Episodio 8: "La tierra y una estrella en colisión"

(Título tentativo: In dubio pro Reo)*

"Que más decir… a veces uno se decepciona de tantas cosas, del mundo, de los amigos, de los padres, de sí mismo…, que dan ganas de lanzar todo lejos y encerrarse en donde sea, con quien sea."

Por un rato lo estuvo observando, Darien se vio tentado a acercarse y saber porque los habían llevado ahí, si recordaba bien ese chico era estudiante de abogacía… pero ciertamente no daba la pinta, al final se contuvo, todo el rato que lo observo el chico no se movió ni un centímetro.

Pero aun con su imagen apacible a Darien algo le molestaba y eso era que tanto se haba esforzado por tener una imagen impecable, un alumno estudioso, diligente, comprometido; un medico atento, se había esforzado mucho para ganar la confianza de gente como el doctor Andreas Mazzini, cierto que había dejando cosas de lado, posiblemente amigos, oportunidades de socializar, pero ninguna se comparaba al deseo de ser el mejor, y eso en tierras extranjeras no era fácil, debía sacrificar mucho, ahora estaba ahí en los separos de una agencia policial… todo por ir a distraerse y por unos tragos, una frase revoloteaba en su mente –"debiste verte ido a casa"-, cualquiera pensaría que iba tras las faldas de Ami Mizuno pero era algo más que alejado de la realidad, el asunto se simplificaba al hecho de hacer algo diferente, en vez de llegar a tu casa y ver la televisión antes de acostarte, habían pasado años desde que alguno de sus amigos lo invitara a algún lado porque ya todos ellos conocían la frase típica de Darien Shield –"No puedo-, -tengo examen-, -…tengo guardia-, -…tengo que preparar una clase-"; fue así que sus amistades lentamente lo excluyeron por lo menos de las reuniones sociales, pero aunque lo negara ese día que fue con los chicos al ensayo de la banda se había divertido… aun si su cara decía todo lo contrario.
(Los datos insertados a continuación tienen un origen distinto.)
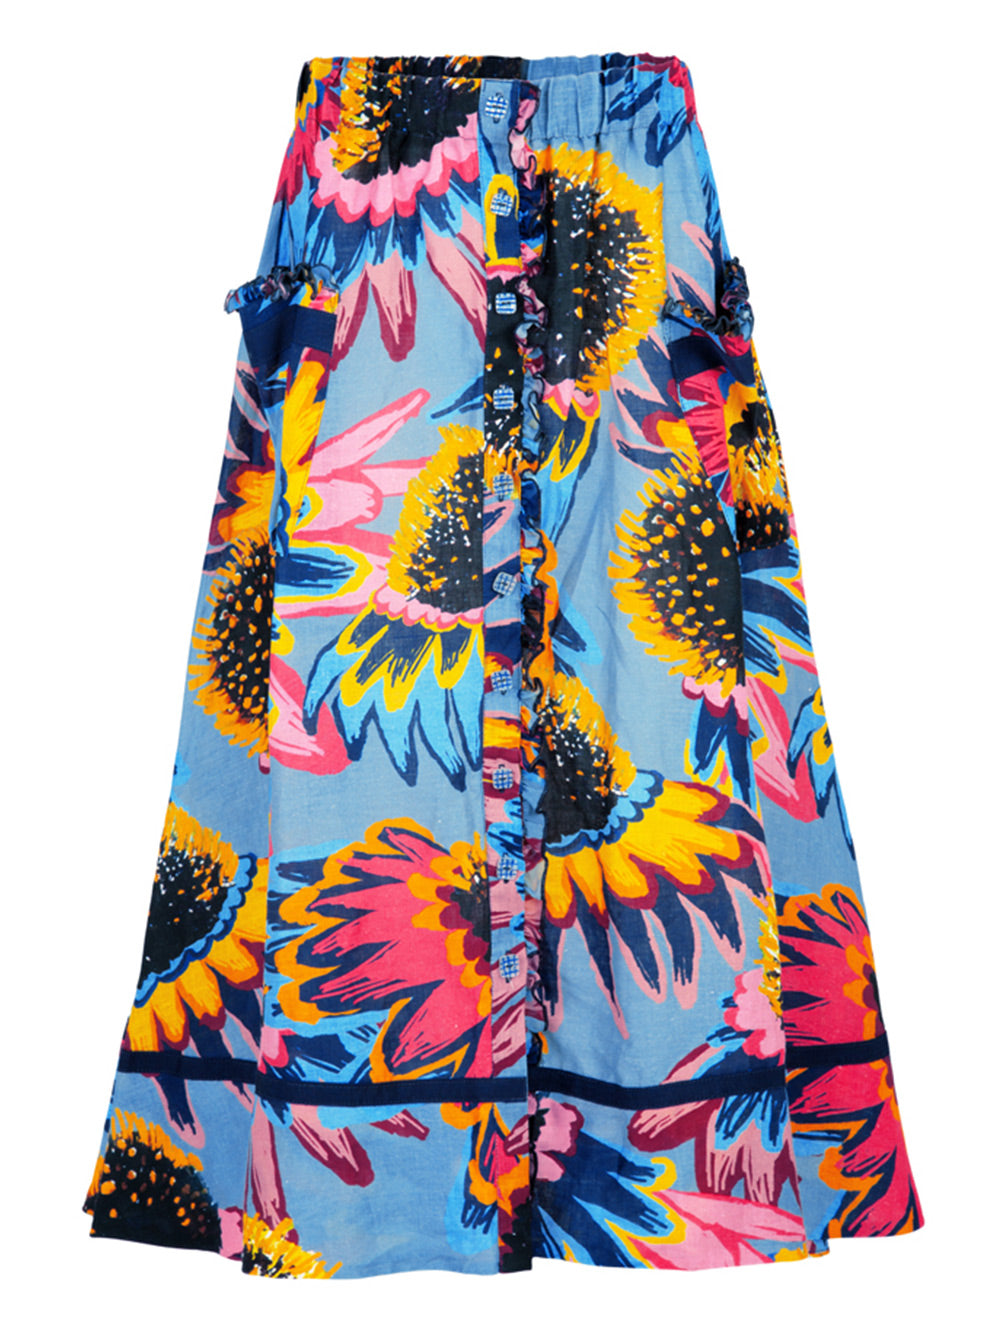 CURATE BY TRELISE COOPER CUTE AS A BUTTON SKIRT
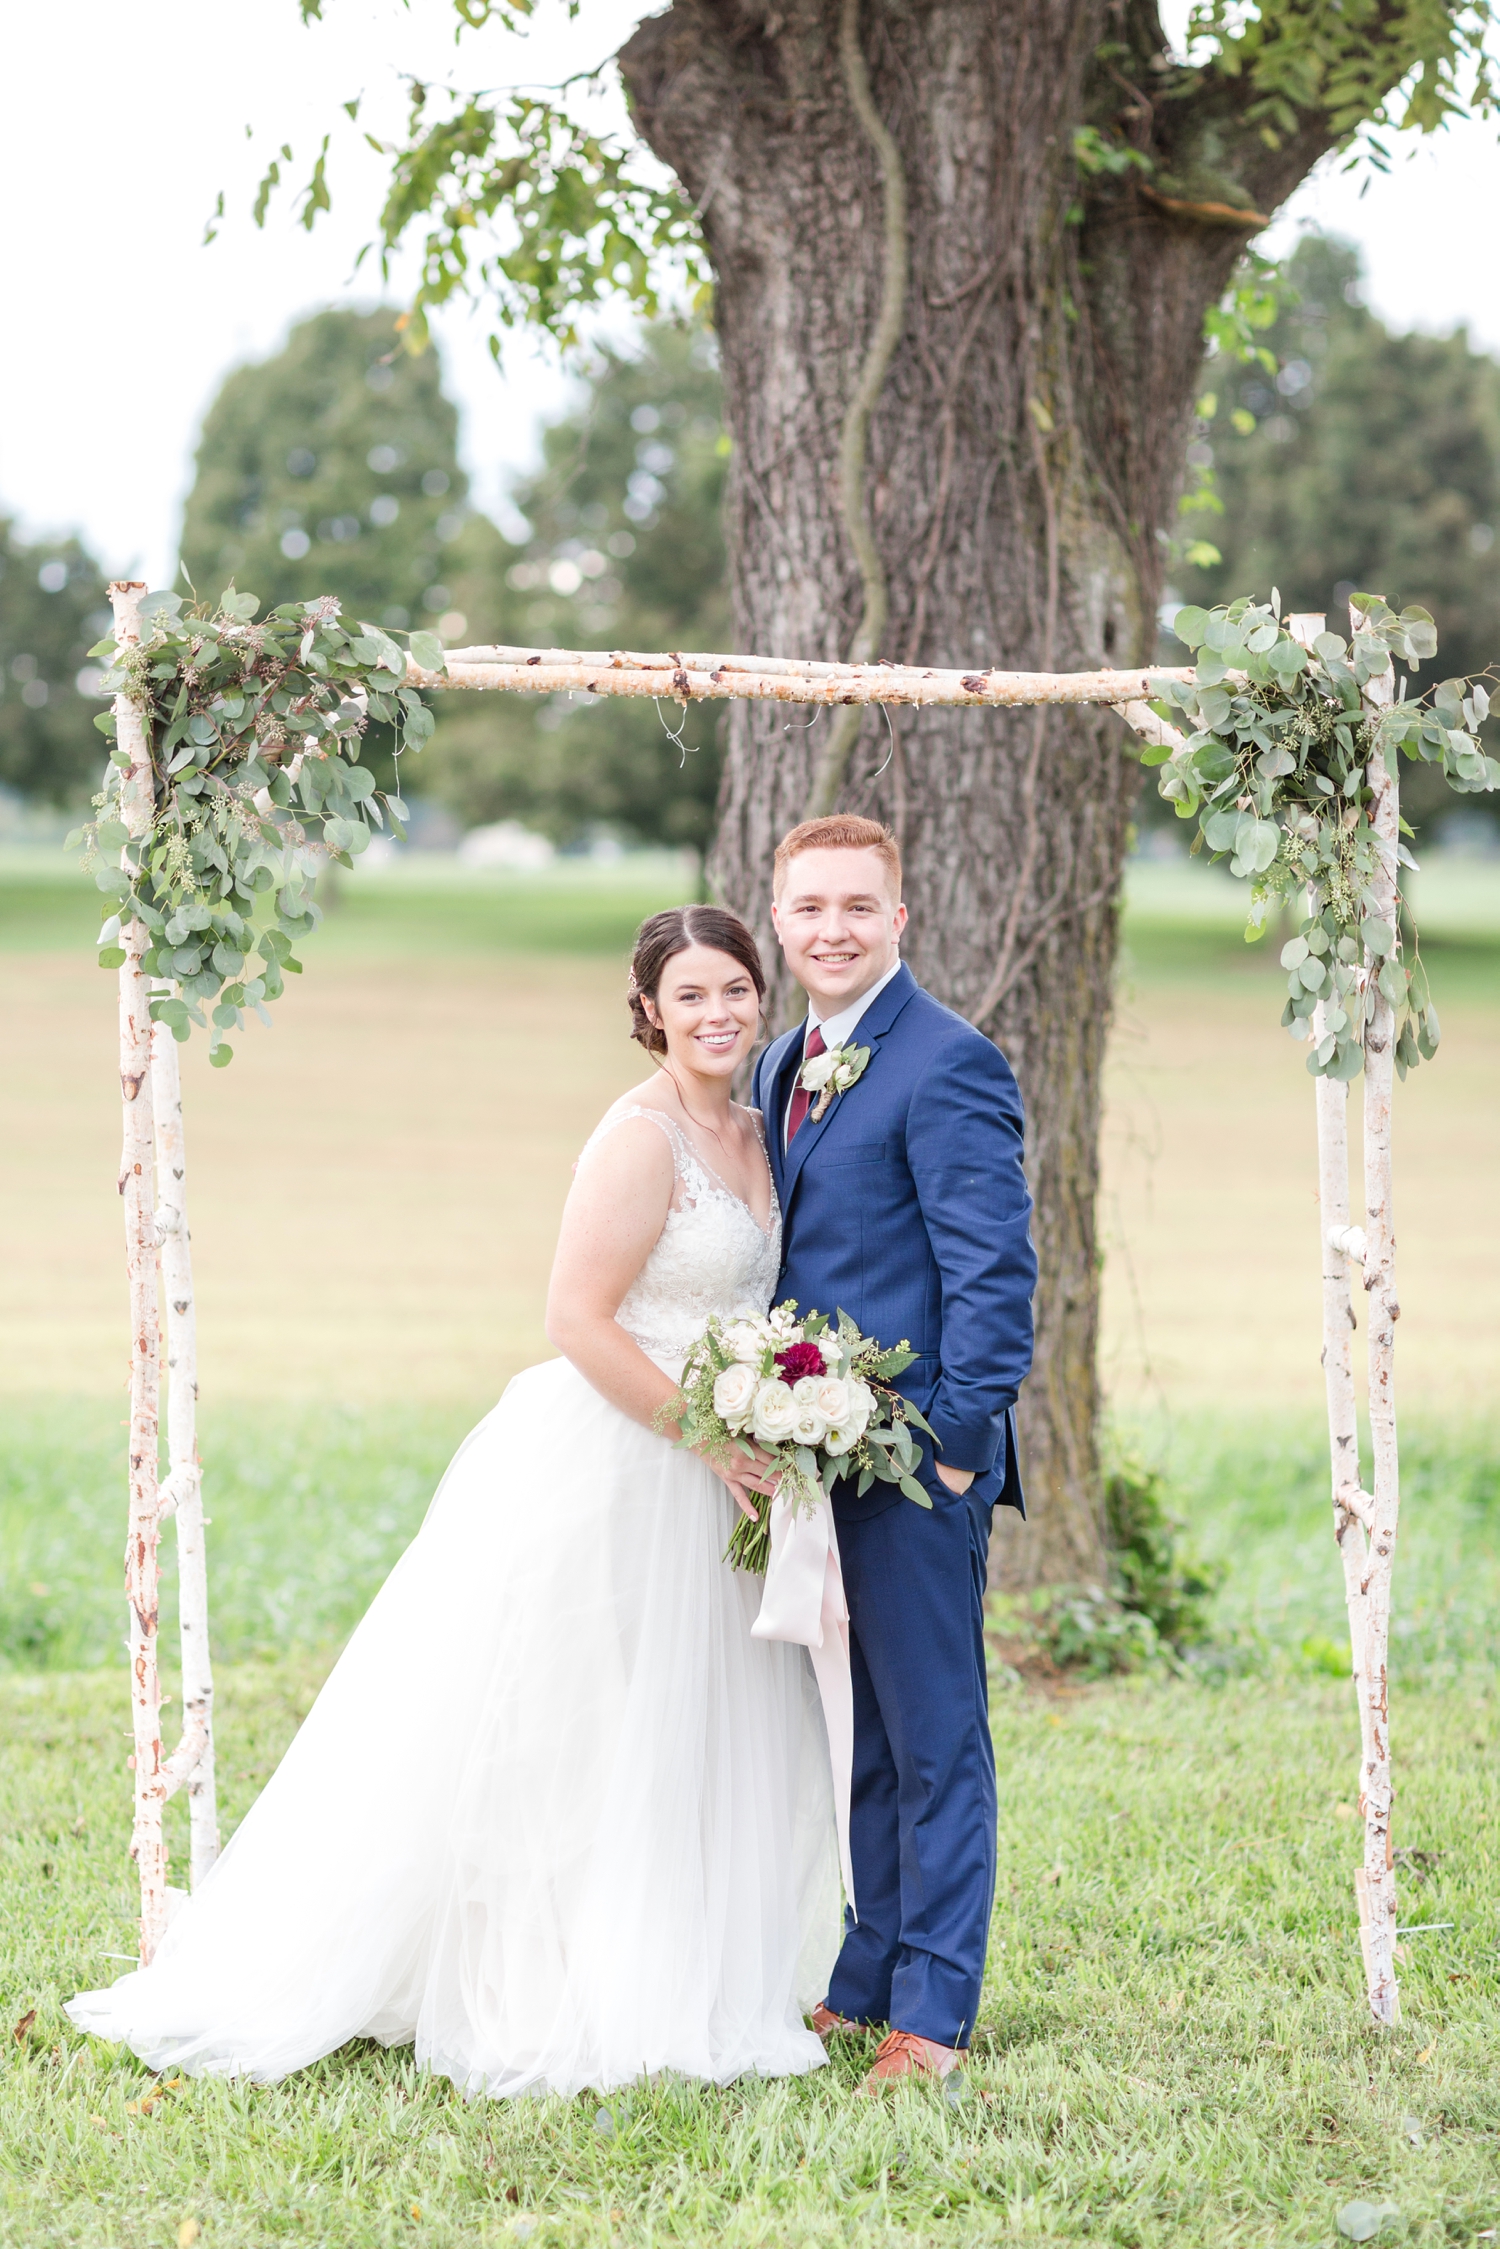  This was the arch Mark and Shelby were planning on getting married under until it rained and they had to move the ceremony inside. We had to get some pictures under it because it was so cute!

Finalmente vio al chico levantarse camino hacia las rejas, pudo ver su rostro amoratado, pero pese a ello sonreía, realmente era un chico raro… pero de igual forma tenía un aire tan fresco y tan espontaneo, parecido al de Ami pero con más fuerza, comprendía que la educación nipona era bastante rígida y Ami solía esconder esa chispa de alegría para enfocarse en sus deber como estudiante modelo y eso él lo sabía mejor que nadie.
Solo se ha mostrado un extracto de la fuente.